It brushes shellac very evenly with practically no bubbles, cleaning it with household Ammonia after use is easy although I could just leave it in the shellac jar but I like the brush thoroughly cleaned after each use.


----------



## RobinDobbie (Aug 25, 2013)

If I ever do get more bristle brushes, they will be of a good quality. Tried the $1-ish ones from HD and the bristles came off into the work immediately. I'll keep hog bristle brushes in mind if I do a huge shellac project.


----------



## johnstoneb (Jun 14, 2012)

The quality of the finish is in direct proportion to the quality of the brush used to apply it.


----------



## firefighterontheside (Apr 26, 2013)

I have had no problem using these with shellac. It's oil based poly that has unglued them, which there is not a warning for. Save the handles. Never know when you'll need a small length of 1/2" dowel.


----------



## BurlyBob (Mar 13, 2012)

Agree with a lot of these comments. Get the best you can and you'll be happier in the long run. Also when you get ready to thro the foam brush away, rip the foam off and use that plastic tab end as a glue spreader. Works like a champ.


----------



## RobinDobbie (Aug 25, 2013)

Yeah, I save the dowels, but the ones I've collected so far aren't standard sizes, and they're not even round! I haven't measured these new handles, yet. I'll save them anyway, might be useful to make toys or whatever.

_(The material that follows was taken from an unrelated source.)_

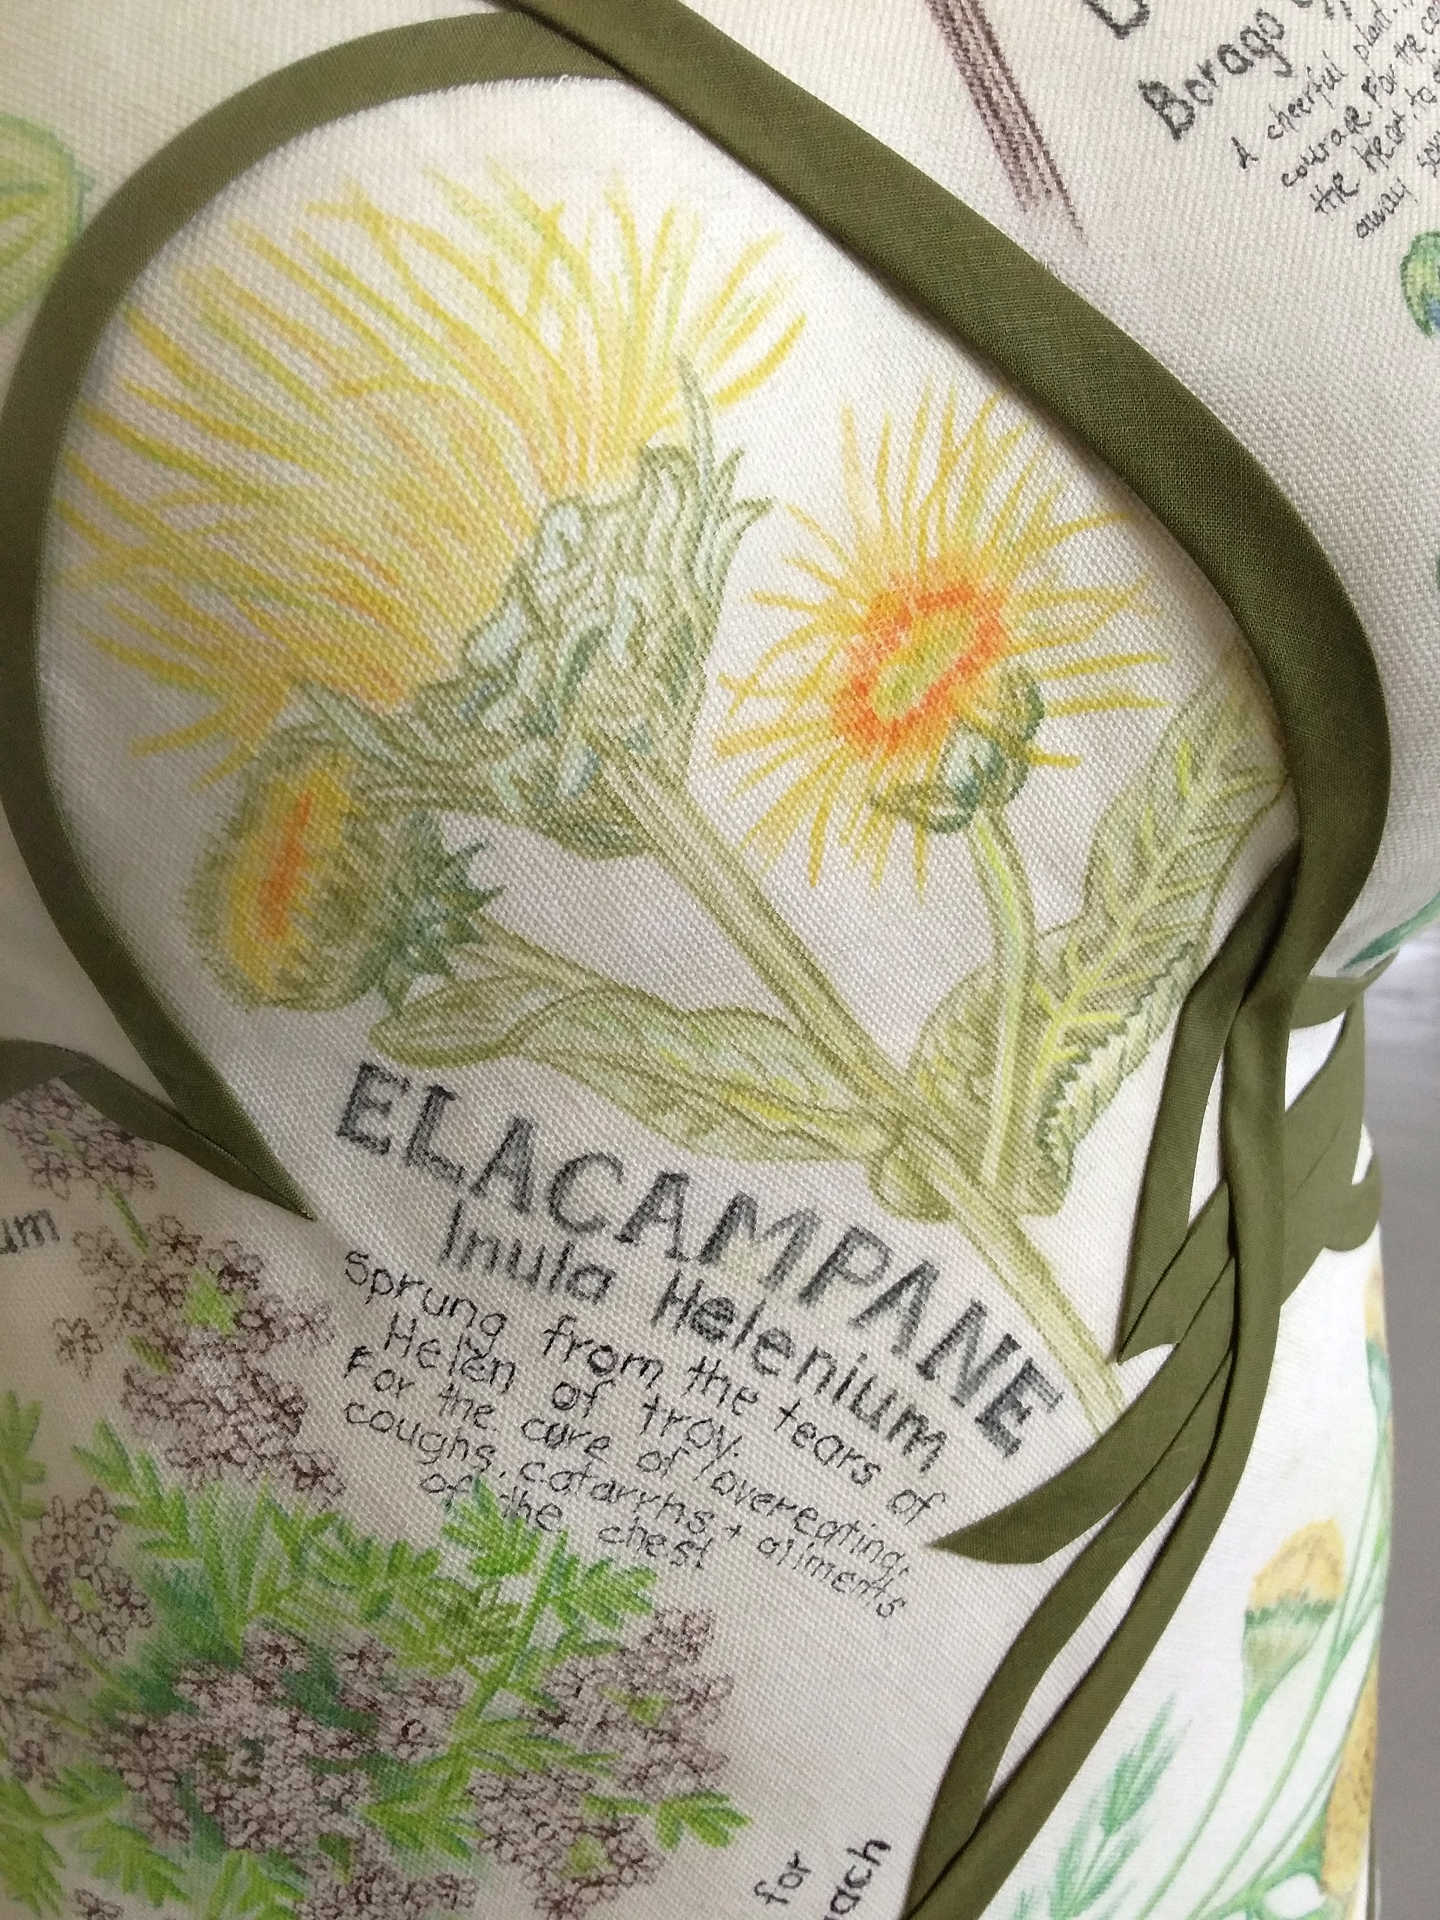 A close-up detail shot of 'Disempowerment' by Libby Bloxham, showing a white fabric panel covering the chest of a female torso mannequin. The panel is filled with pencil illustrations of botanical specimens. This photo focuses on a fluffy yellow flower with large leaves, and the text: 'Elacampane', 'Inula Helenium', 'Sprung from the tears of Hele of Troy. For the cure of overeating, coughs, catarrhs + ailments of the chest'.

Never thought about using the plastic pieces as glue spreaders. I bought a couple of cheap silicone baster brushes for that purpose, but I still use my finger way more than I should. And I have about 3 of the little 1" foam brushes I use for glue, as well. They're quite reuseable, only problem is they pick up little wood fibers that are impossible to get out. So once a glue brush, always a glue brush.


----------



## PaulDoug (Sep 26, 2013)

The only thing I like the foam brushes for is to pull off the foam and use the plastic thing for a glue spreader. I'm a good brush fan.


----------



## bbasiaga (Dec 8, 2012)

I've gone over to mostly rags For applying finish. I tealize not every dinish can go on this way but i like it a lot better than brushes or foam pads when I can.

Brian


----------



## bobasaurus (Sep 6, 2009)

The polyurethane foam on those brushes will apparently dissolve in alcohol or lacquer thinner, but not mineral spirits. I use mine for oil finishes and they work great.


----------



## JeffP (Aug 4, 2014)

One thing that is becoming clear to me about woodworking is that there is an ever-present opportunity to snatch defeat from the jaws of victory. Until your project is sitting in somebody's living room being admired…there is always an opportunity to follow up hours and hours of perfection with some tiny mistake that will ruin your hard work.

What Distrbd said about using a "real" brush (in his case some fancy pig hair variety I never heard of) is really interesting and gave me pause.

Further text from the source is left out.